The first is that gay marriage evangelists are ready to take advantage of that clause in the Constitution (the "full faith and credit" clause) that requires individual states to respect legislation and judicial findings of other states in respect of citizens of those states. A couple who are married in the state of Virginia must be treated, when traveling in Wisconsin, as married. The Constitution (Article IV) does say that "Congress may by general laws prescribe the manner in which such acts, records and proceedings shall be proved, and the effect thereof."
That authority of Congress here is presumably evidentiary, not substantive. Certainly that position will be taken by those who will be citing Article IV as requiring every state to acknowledge as a marriage anything so deemed by the judiciary of the state of Vermont. One might rest easy at the prospect of Vermonters proceeding with their own tribal laws, but of course it would not be so. The Reno, Nev., formula would surely happen again. In the '30s, people who wanted to be divorced, even though the laws in the state where they lived wouldn't grant a divorce, traveled to Reno and came back with their full-faith-and-credit divorces.
These stratagems for avoiding the law in the state in which you live are challenged as never before by that juggernaut determined to go all the way with the license given by the Supreme Court's Lawrence decision, illegitimizing de jure anti-gay legislation. The idiomatic compression of the legal argument would read: Since they can have sex, why can't they marry?
Conservatives correctly tend to back off from such amendments. It is correct that amendments have frequently been proposed in the past to advance tactical objectives, among them the protection of the flag against desecration. But the test now should be framed differently. It is: How does a self-governing republic proceed with a judiciary that has taken to writing basic laws?

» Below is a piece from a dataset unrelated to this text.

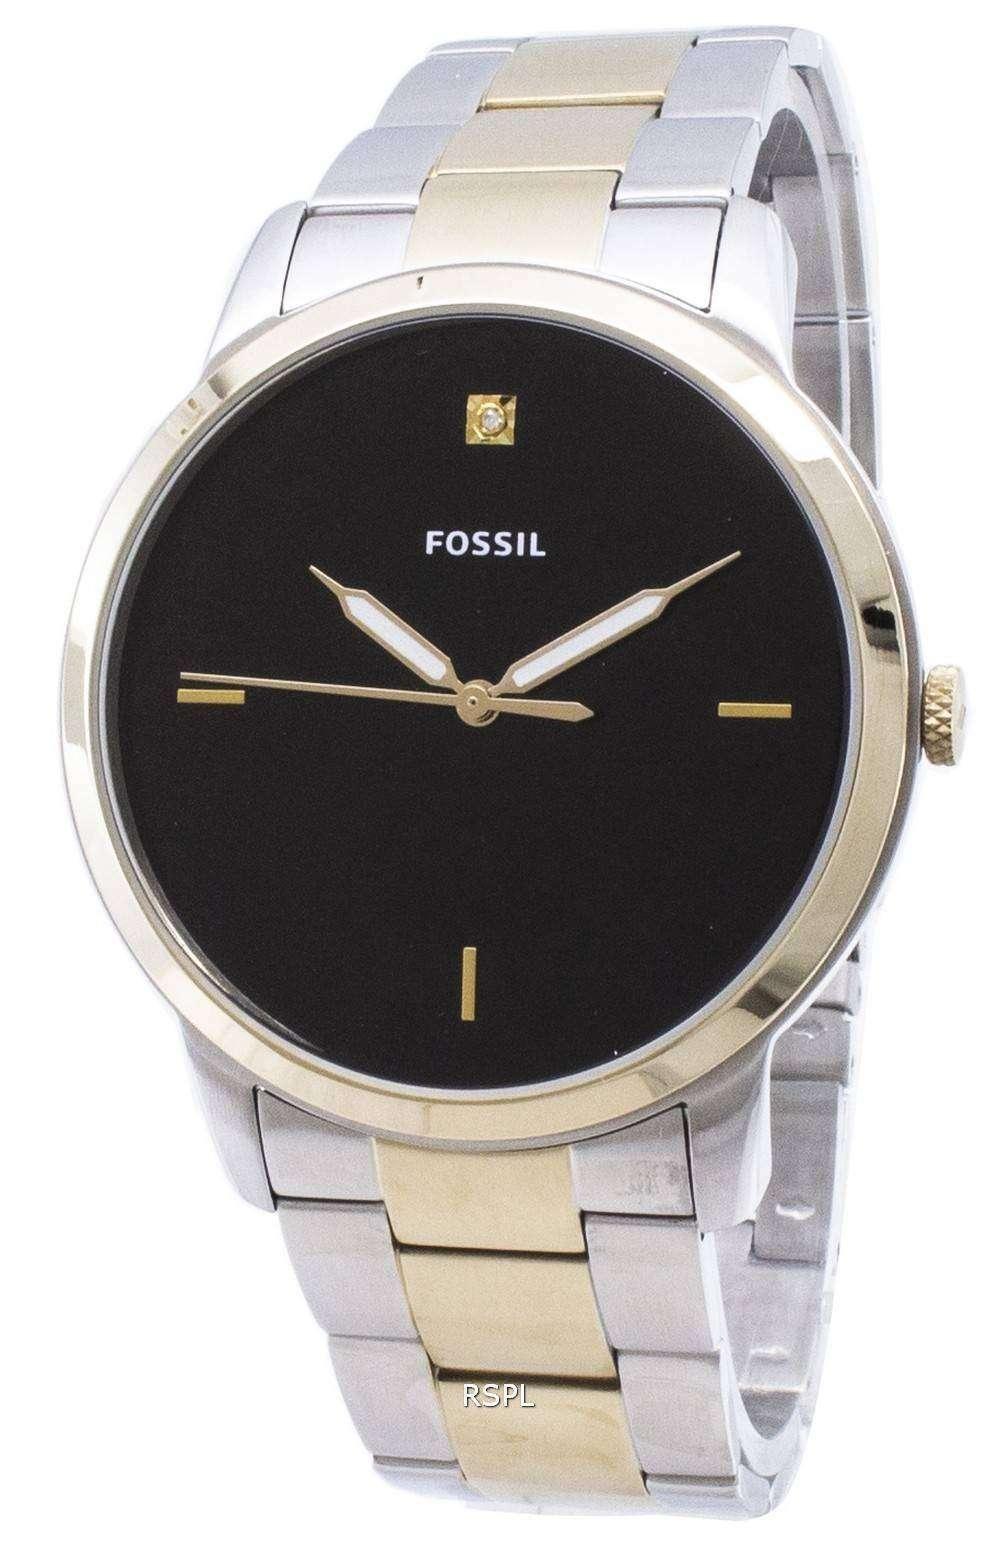 c09be093ed28 Fossil Minimalist FS5458 Quartz Analog Men s Watch - ZetaWatches

Privacy advocates are perfectly free to reason that somehow, implicit in the "spirit" of the Constitution, there is something that permits the destruction of fetal life in deference to the private rights of women. But that is on the order of saying that somewhere in the bowels of Christianity there must be some inchoate provision against consigning anybody to hellfire. Such a position might be taken, pleading the infinite exercise of God's love. But it lieth not in any Christian catechism, no more in any constitutional document that abortion is an absolute prerogative of a putative mother.
The necessary amendment need go no further, nor should go any further, than to limit the application of the full-faith-and-credit clause to exclude any requirement to abide by laws or judicial findings authorizing same-sex marriage. If individual states wish to authorize civil unions between members of the same sex, they would be free to do so, but not free to plead immunities particular to their own state as extending to all 50 states.
This is a tough one for President Bush. But we usefully remind ourselves that the vote of the executive is irrelevant in constitutional amendments. The (required) two-thirds vote of the two branches of the legislature are outside the reach of a presidential veto. But, running for re-election, Mr. Bush's leadership in promoting this defense of marriage would figure prominently in the campaign for approval by three-quarters of the state legislatures.